**MATERIAL PROVIDED:**
* * * * *
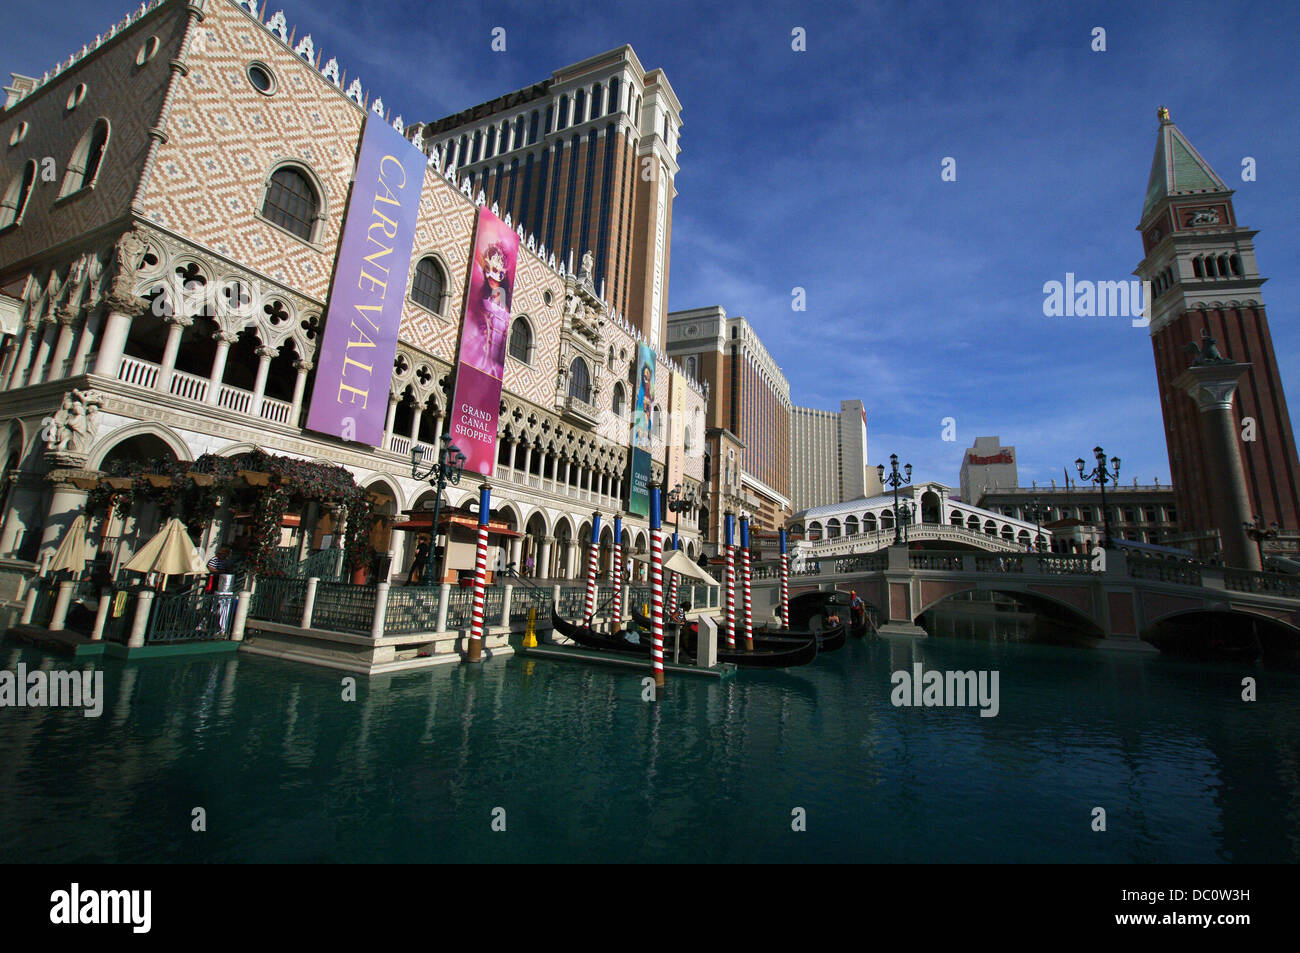 Réplique du Palais des Doges, le Pont du Rialto et la Place Saint-Marc à Venise Campanile au Venetian Resort Hotel Casino à Las Vegas, USA Banque D'Images
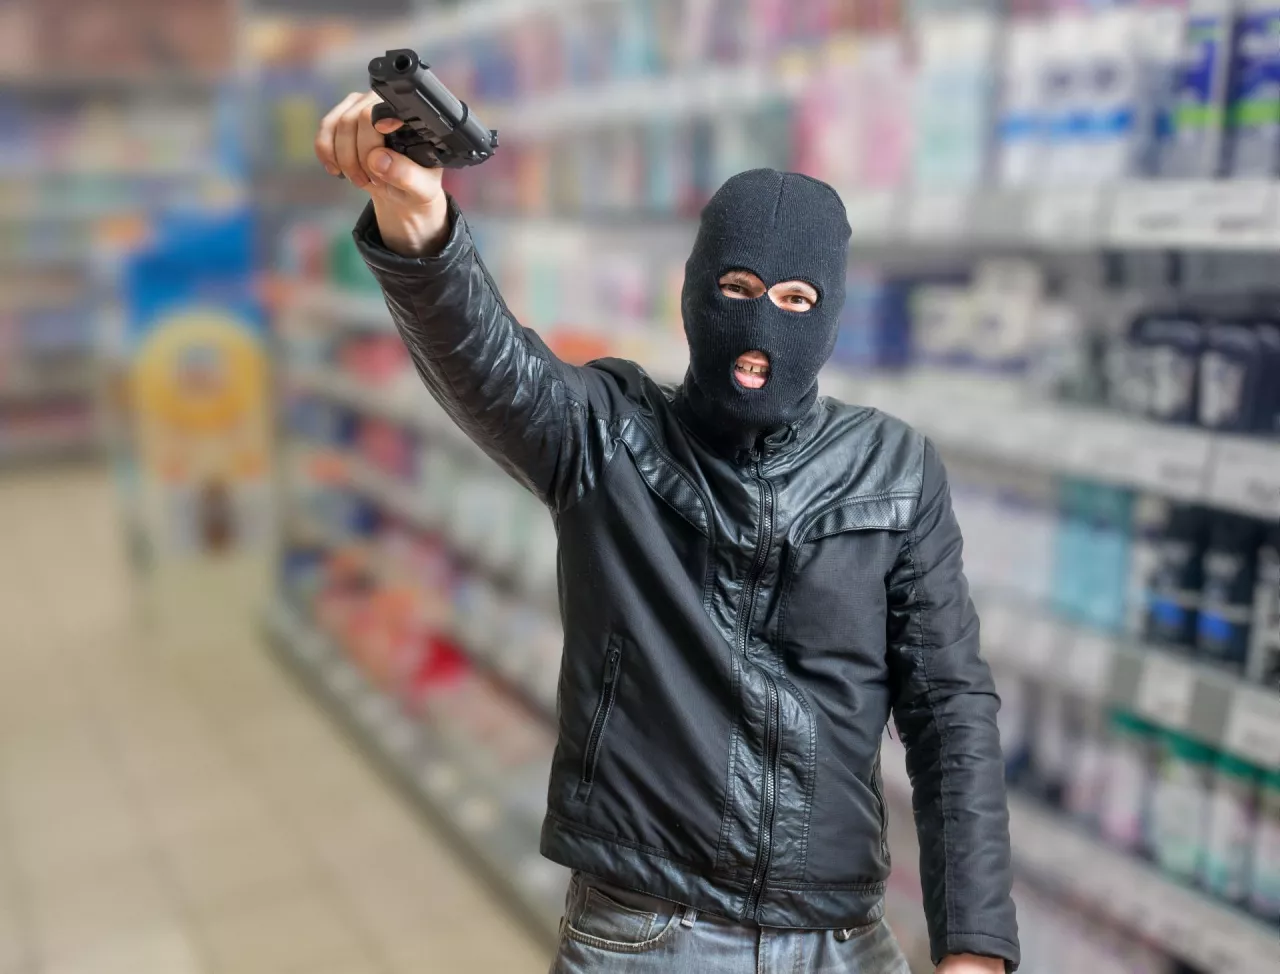 Napastnicy, którzy próbowali okraść kasę sklepu Żabka w Kobyłce byli wyposażeni w broń i metalową pałkę (fot. Shutterstock)
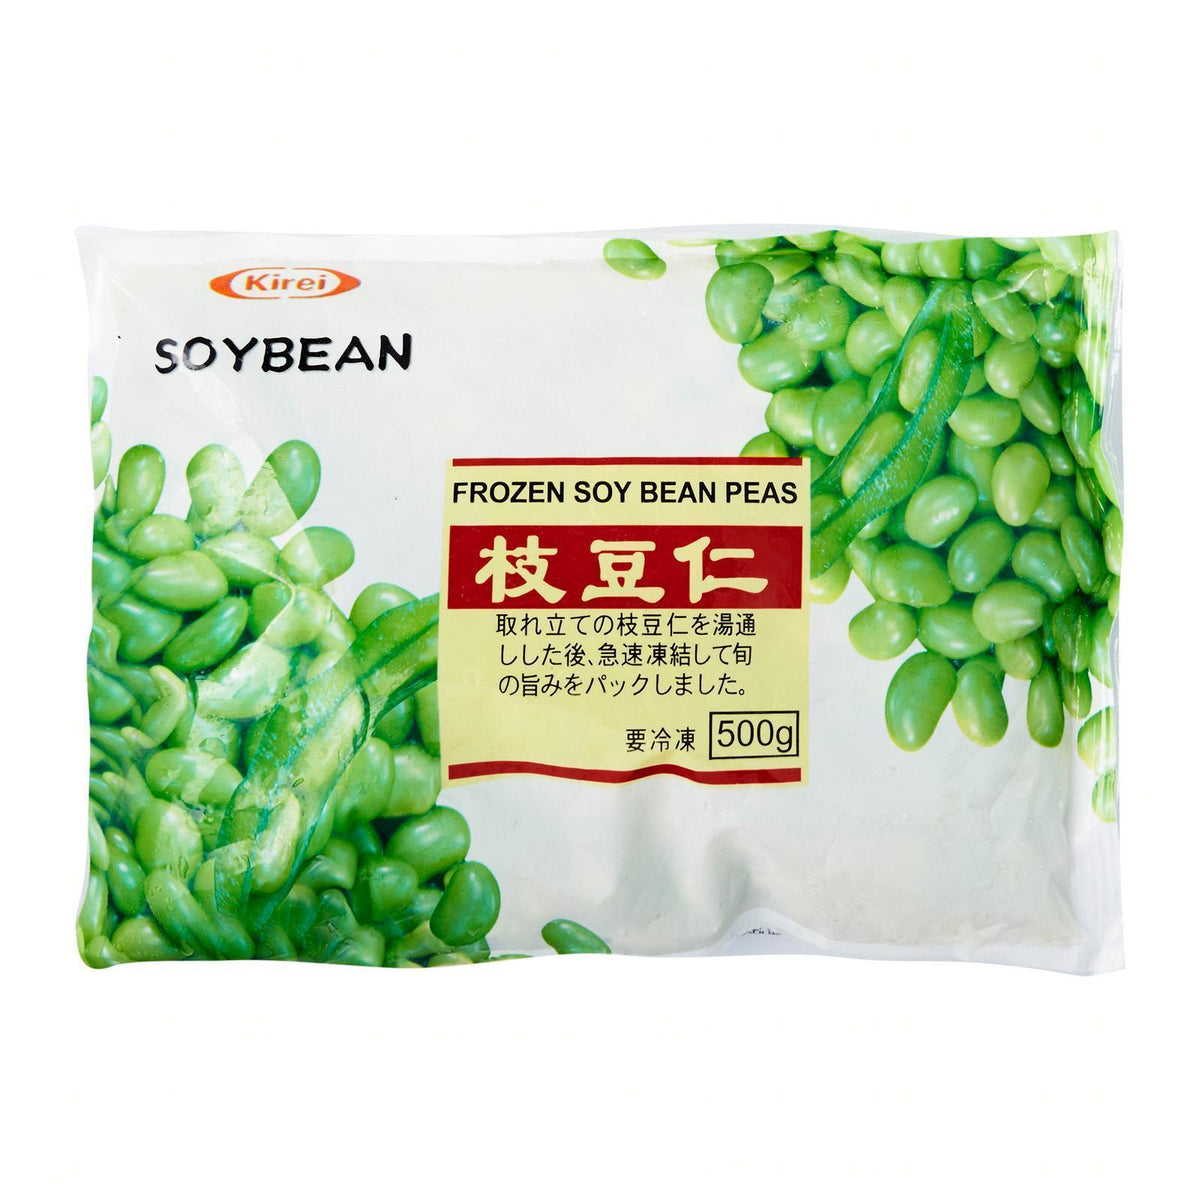 Japan　Honeydaes　Online　Edamame　冷凍むき枝豆　500g　Seed　Foods　Grocery　Kirei　—
* * * * *
"Napastnicy, którzy próbowali" marks the first line to copy; copy that line and every line after it through the last line of the listing, exactly and without pictures.

**ANSWER AREA:**
 Napastnicy, którzy próbowali okraść kasę sklepu Żabka w Kobyłce byli wyposażeni w broń i metalową pałkę (fot. Shutterstock)
 Japan　Honeydaes　Online　Edamame　冷凍むき枝豆　500g　Seed　Foods　Grocery　Kirei　—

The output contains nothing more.